Puente's 6 Conversation Modes: Which One to Use and When

Overview: Why Mode Selection Matters

Puente’s six conversation modes are not aesthetic preferences — they are distinct audio routing and interaction architectures designed for fundamentally different physical and social contexts. Choosing the wrong mode for your setting doesn’t just feel awkward; it can reduce translation quality, slow the interaction down, or require participants to behave unnaturally.

The right mode depends on three variables: how many people are involved, what hardware is available, and whether the parties are in the same physical space. This reference covers each mode in full, including its technical basis, hardware requirements, optimal conditions, and known limitations.

Mode 1: Auto-Detect

Hardware required: iPhone only
Best for: Casual one-on-one conversations, first-time users, any setting where a fully automated experience is preferred

Auto-detect is Puente’s default mode and the lowest-friction entry point. It monitors the audio input stream for silence thresholds — specifically, a pause of configurable duration (default: 0.8 seconds) — and uses that silence as the signal to trigger translation.
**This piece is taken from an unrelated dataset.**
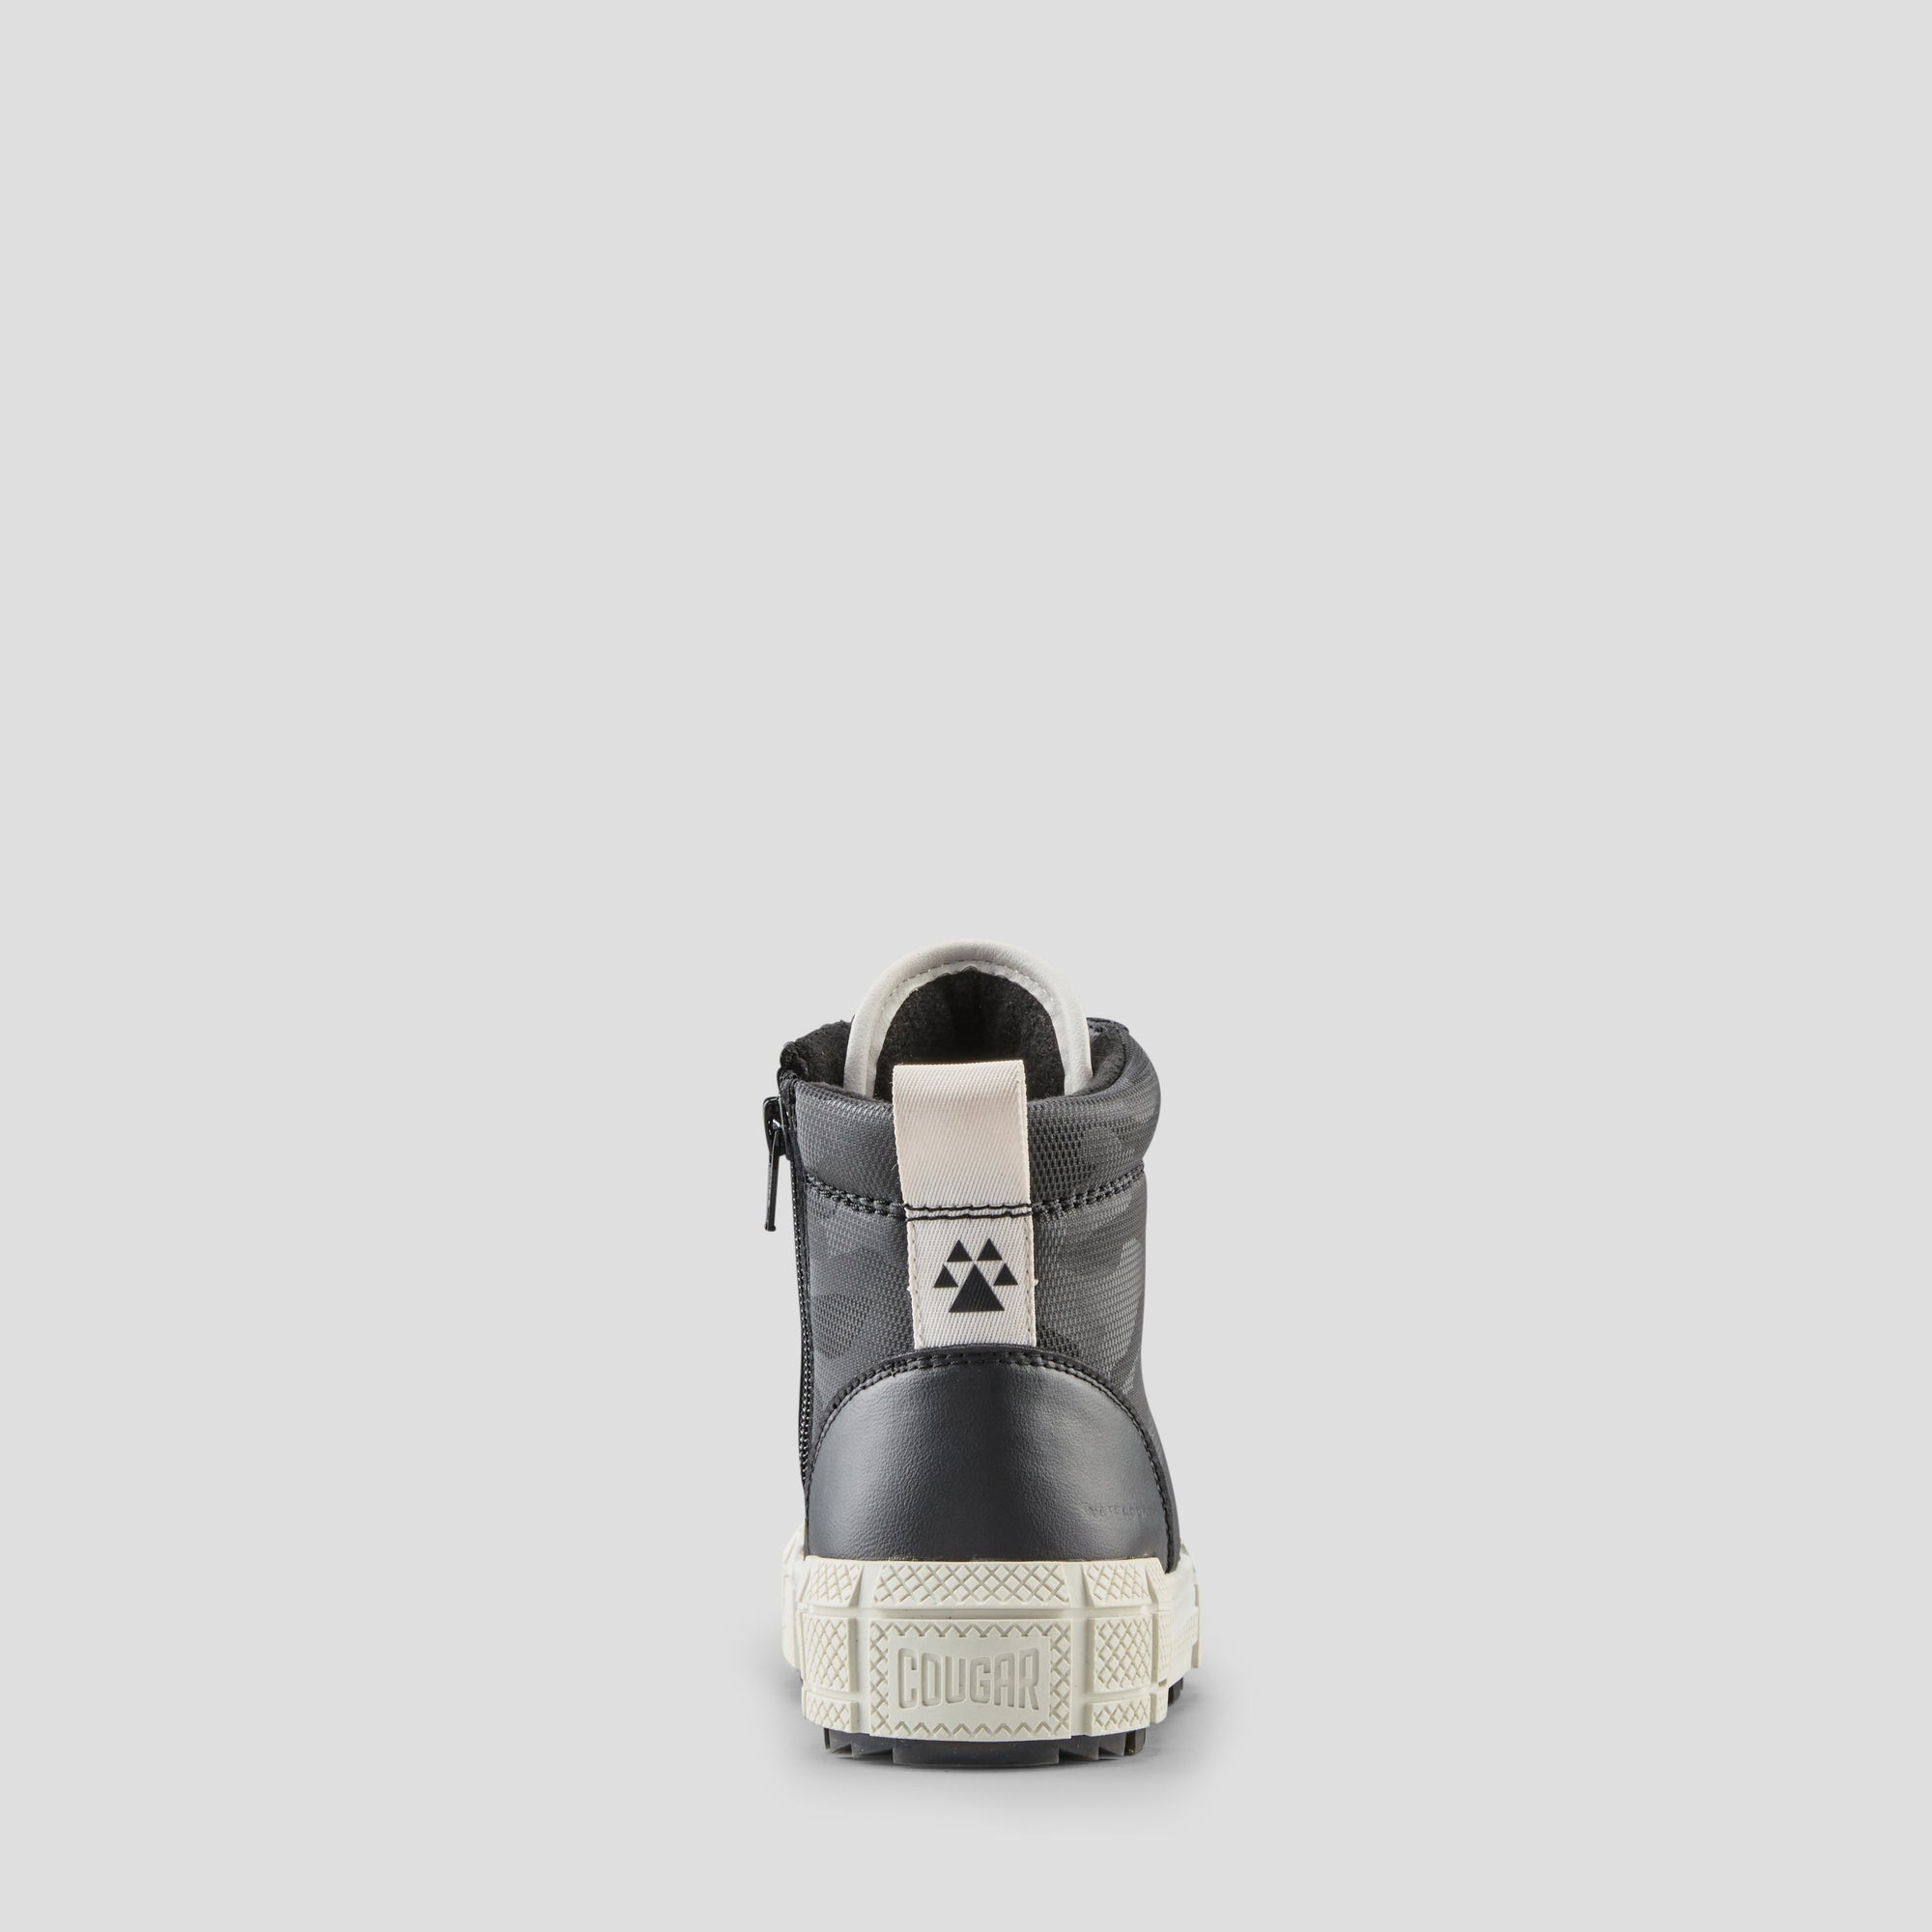 Brave Camo - Bottes d'hiver imperméables en cuir synthétique (Junior+) - Colour Black-White

When one party stops speaking, Puente translates what was said and delivers the output. When the other party begins speaking, Puente detects the new voice onset and begins capturing the next segment.

This mode does not require the user to press any button, tap any control, or interact with the screen at all during a conversation. It is the mode most likely to feel “invisible” to both parties, which is valuable when the goal is minimizing the technological presence in a human interaction.

Limitations: Auto-detect can be confused by background noise that mimics the amplitude profile of speech — a loud restaurant, a busy construction site, or a room with a running air conditioner. In those environments, switching to Tabletop mode (which has dedicated input buttons) or using a lapel microphone to isolate voice from ambient noise is preferable.

Mode 2: Tabletop

Hardware required: iPhone only
Best for: Structured professional interactions, medical consults, intake interviews, any setting where a phone on a desk is natural

Tabletop mode is designed for interactions where both parties are seated across from each other with the iPhone flat on a surface between them. Each party speaks toward the phone in turn; on-screen controls let either party initiate their speaking segment by tapping a large, clearly labeled button. The translated output plays from the phone’s speaker toward the other party.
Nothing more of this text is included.